Five students in China have been jailed for taking advantage of a loophole in KFC’s online ordering systems to get free meals and resell them for profits.
The students were recently sentenced to up to two and a half years in prison for swindling KFC out of more than $30,000 worth of food, Chinese news outlet Thepaper.cn reported on Tuesday, citing the Xuhui district court in Shanghai.
A 23-year-old university student surnamed Xu first spotted the loophole in April 2018. He accidentally found out that he could get free food by paying for food using coupons in one KFC app and seeking a refund of the coupons immediately using another app.
Since then, Xu had been getting free food at KFC for himself and reselling the coupons online, according to the report. He also reportedly shared knowledge about the apps’ flaws with four of his schoolmates.
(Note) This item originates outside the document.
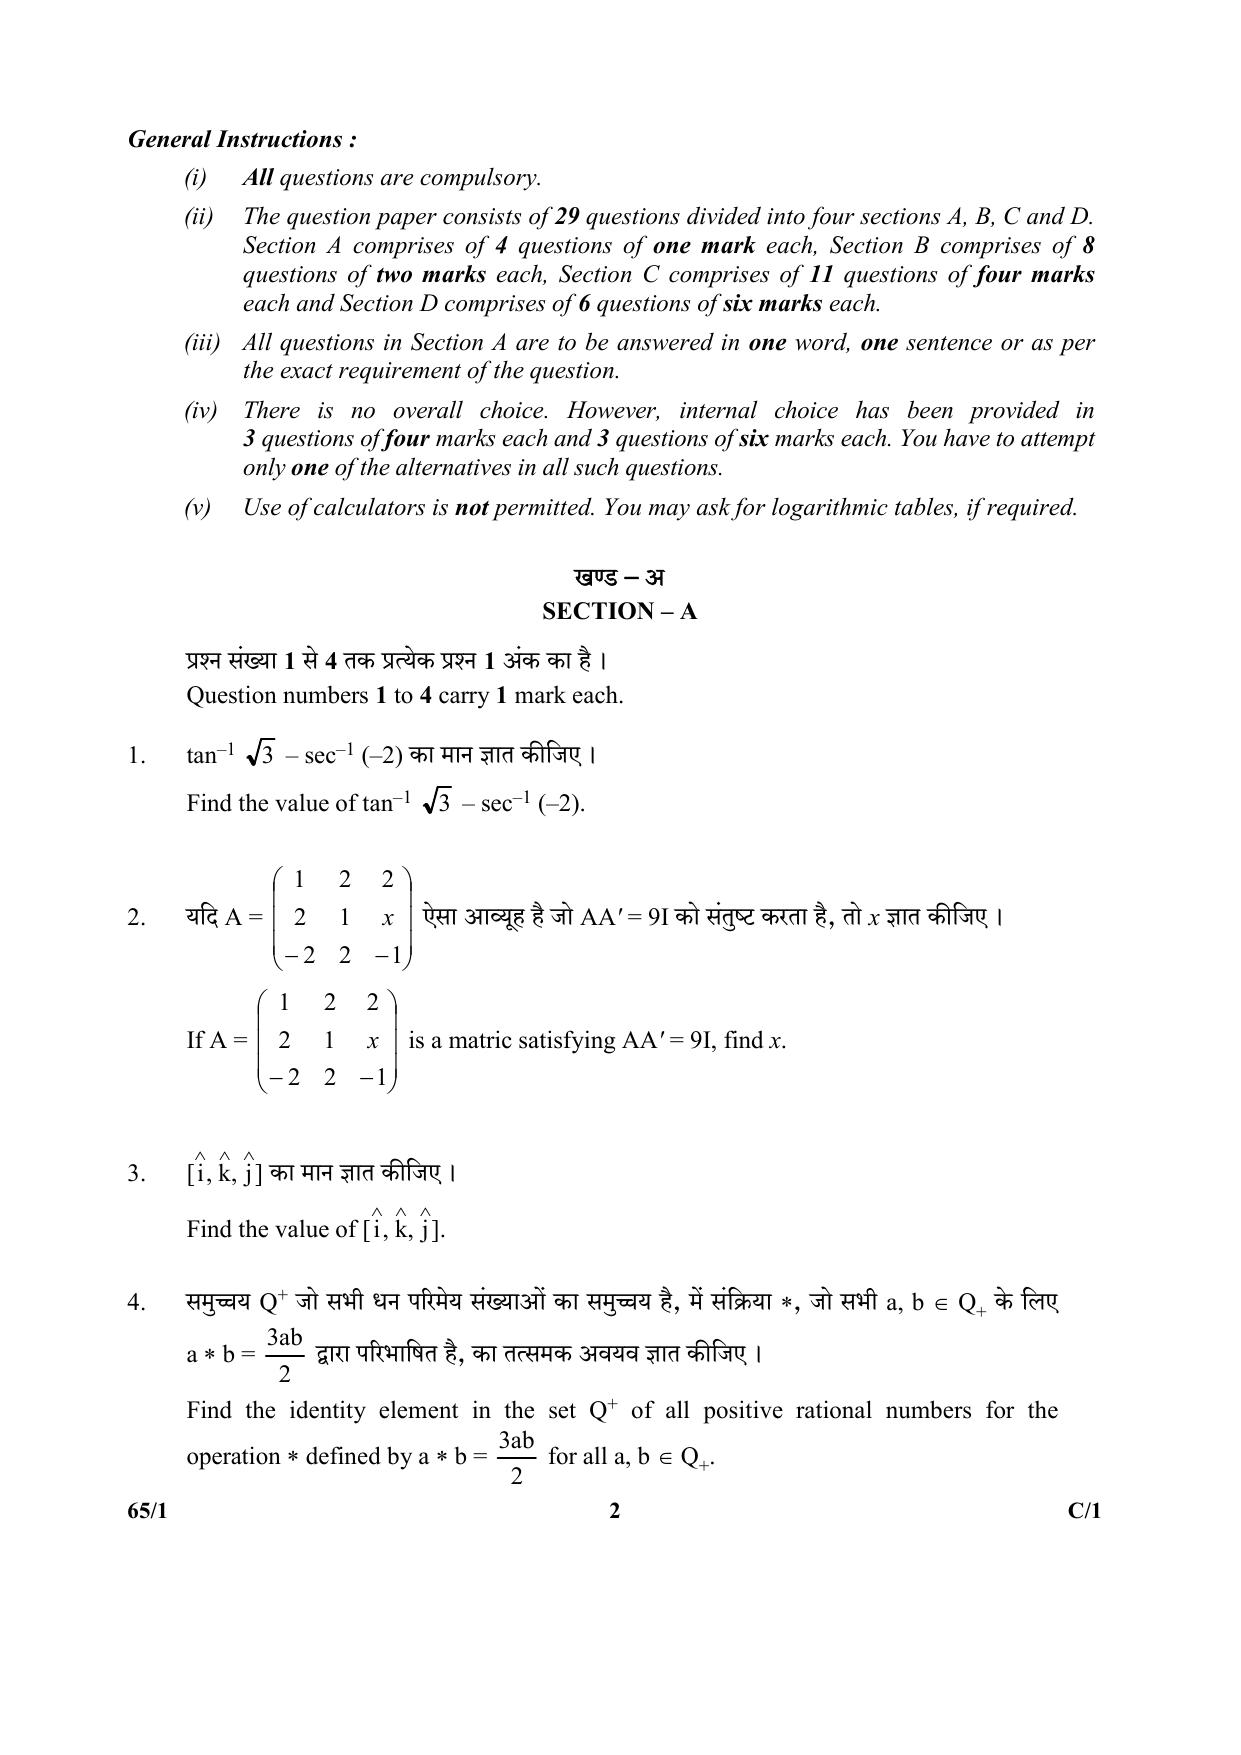 CBSE Class 12 65-1 (Mathematics) 2018 Compartment Question Paper - Page 2
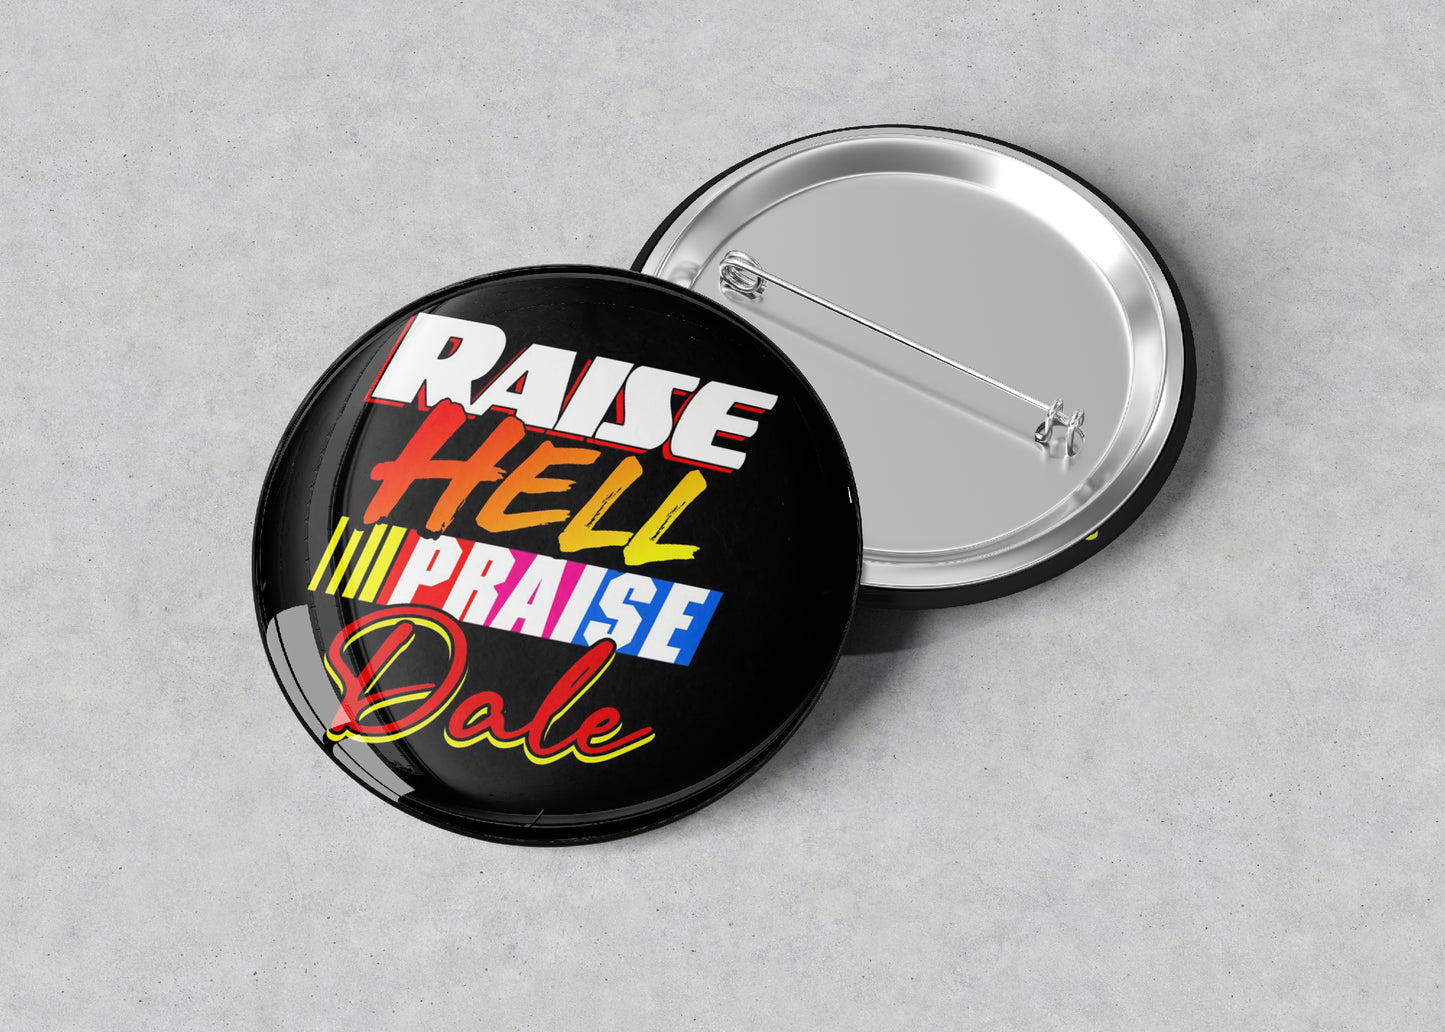 Raise Hell Praise Dale and Drive Fast Eat Ass Pin/Buttons

From April to October that year, the free food Xu ordered cost KFC about $9,000, and the other four students each caused losses ranging from $1,400 to $7,300 to the company, the court said.
The court ruled that the five had committed fraud and the crime of imparting criminal methods by taking advantage of the data mismatch in KFC’s ordering systems.
They received prison terms ranging from 15 to 30 months, and were ordered to pay fines ranging from $155 to $930.
Responding to trending reports about the case, some internet users say the sentences levied on the students were too harsh, arguing that KFC’s online ordering gaps should be blamed.
KFC is one of the most popular fast-food chains in China. The brand has more than 7,000 stores in China, compared with about 4,000 in the United States.